Sunday, July 4, 2010

Thinking


Yesterday I finished the book "Blink" by Malcom Gladwell. It is a provocative best seller on the process of thinking. The idea of thinking without thinking and also issues of how we respond to situations based on the kind of thinking we do were illustrated. We tend to make judgements both with our conscious and unconscious minds. The book illustrates that we can leap to incorrect solutions with both processes but in some situations it is clear that relying on and immediately acting on unconscious thinking is the best remedy. We can sometimes immediately assess a situation with a very thin slice of information and act immediately.

As a tennis player, I have often made a shot without thinking simply based on the ball return and an immediate assessment of the position of my opponent on the court. I didn't analyze, I simply thin sliced the information available and acted. That is not to say that there isn't value in analyzing the game of tennis and also preparing with a lot of practice. The author of "Blink" illustrates this with his own examples.

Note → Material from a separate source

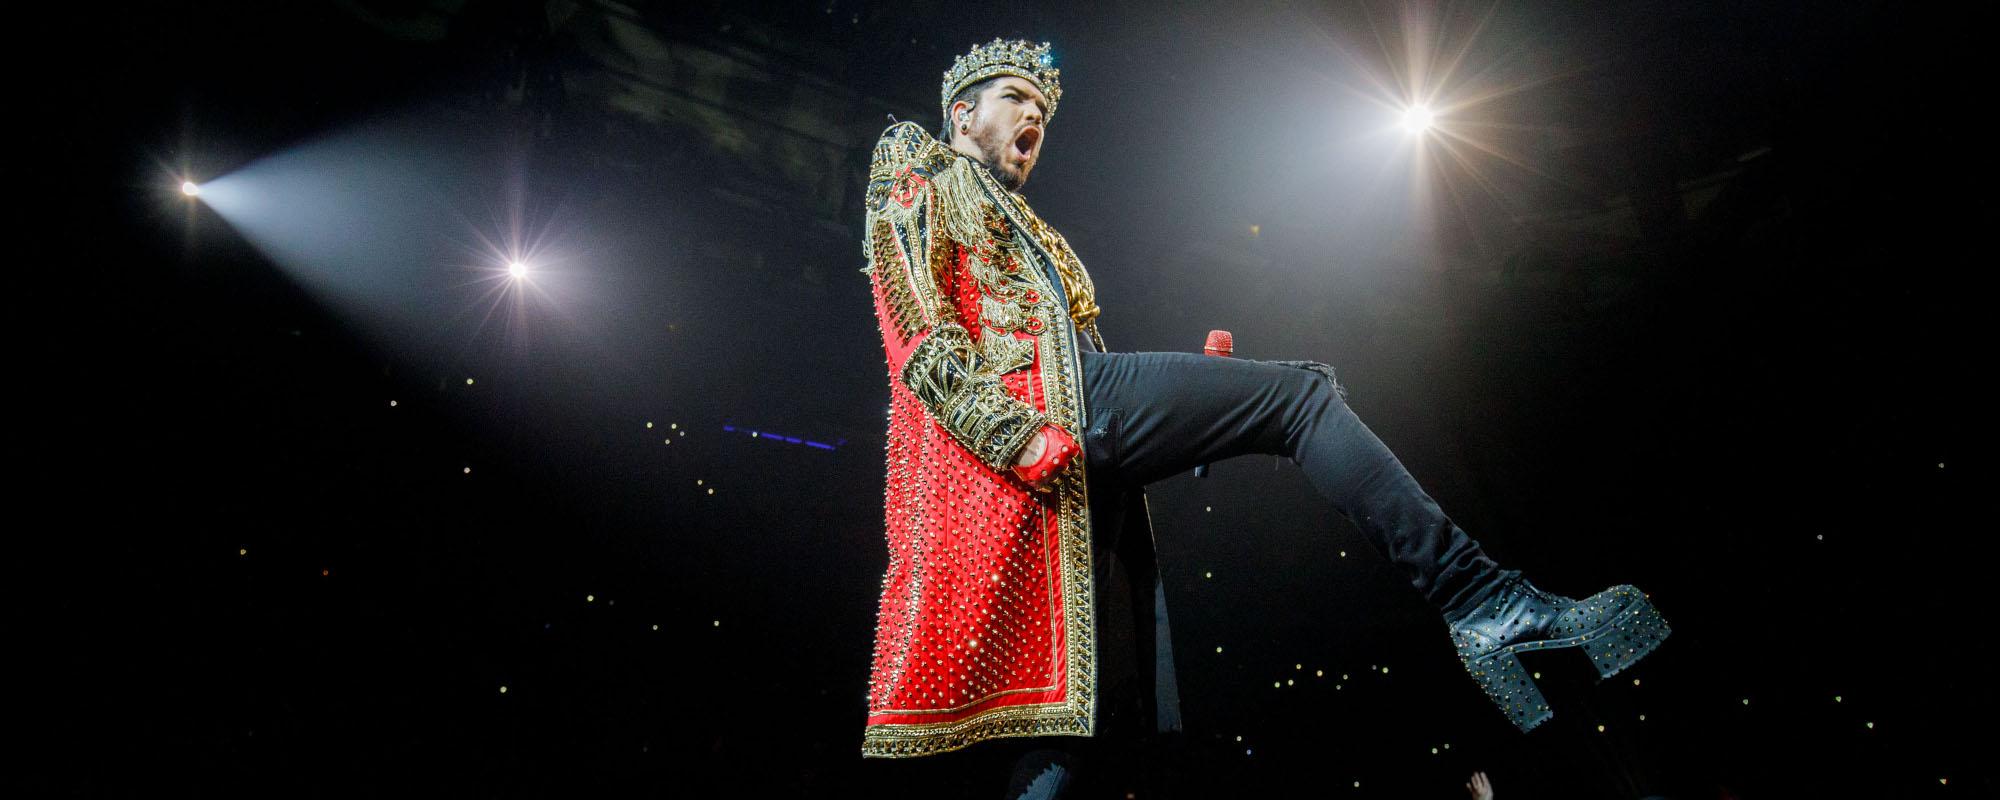 Queen + Adam Lambert Perform “Nessun Dorma” at Italy Show

Another part of the book that intrigued me was the work on reading facial expressions as a means of understanding what a person really is thinking. The face has an extraordinary array of muscles that shape the face to display what is going on in the mind. I think we have all experienced the person who expresses praise with words but by the appearance of the face we know that it is false. Or someone may laugh at our joke, but they are really not amused if you look into their eyes that do not twinkle. While I was in graduate school at Iowa State University in the 1960's a fellow doctoral student had suffered from a disease that had paralyzed the muscles of one side of his face. Apparently this can occur later in life from exposure to chicken pox. This paralysis, was striking in that you had right face with expression and left face with none. To have the emotions illustrated on one side contrasted to the other blank slate was disconcerting and in recalling it now explains some of the discomfort it caused in our initial conversations. Fortunately repeated exposure dulled this reaction. My wife told me today that people who have botox treatment for wrinkles can end up with frozen expressions. What a tragedy!

Clearly the mind is a complex thing. As an academic I have engaged in a lot research that involved conscious analytical thinking and study. However, I do believe that breakthroughs that I achieved on a project almost always came from sudden unconscious flashes of insight from the unconscious mind.

I guess the conclusions I take away from this book are:
1. That I will be more alert to reading the expressions of folks I encounter.
2. I will listen more closely to my intuition arising from flashes of insight.
3. I will keep on synthesizing what I learn from both my conscious and unconscious thinking.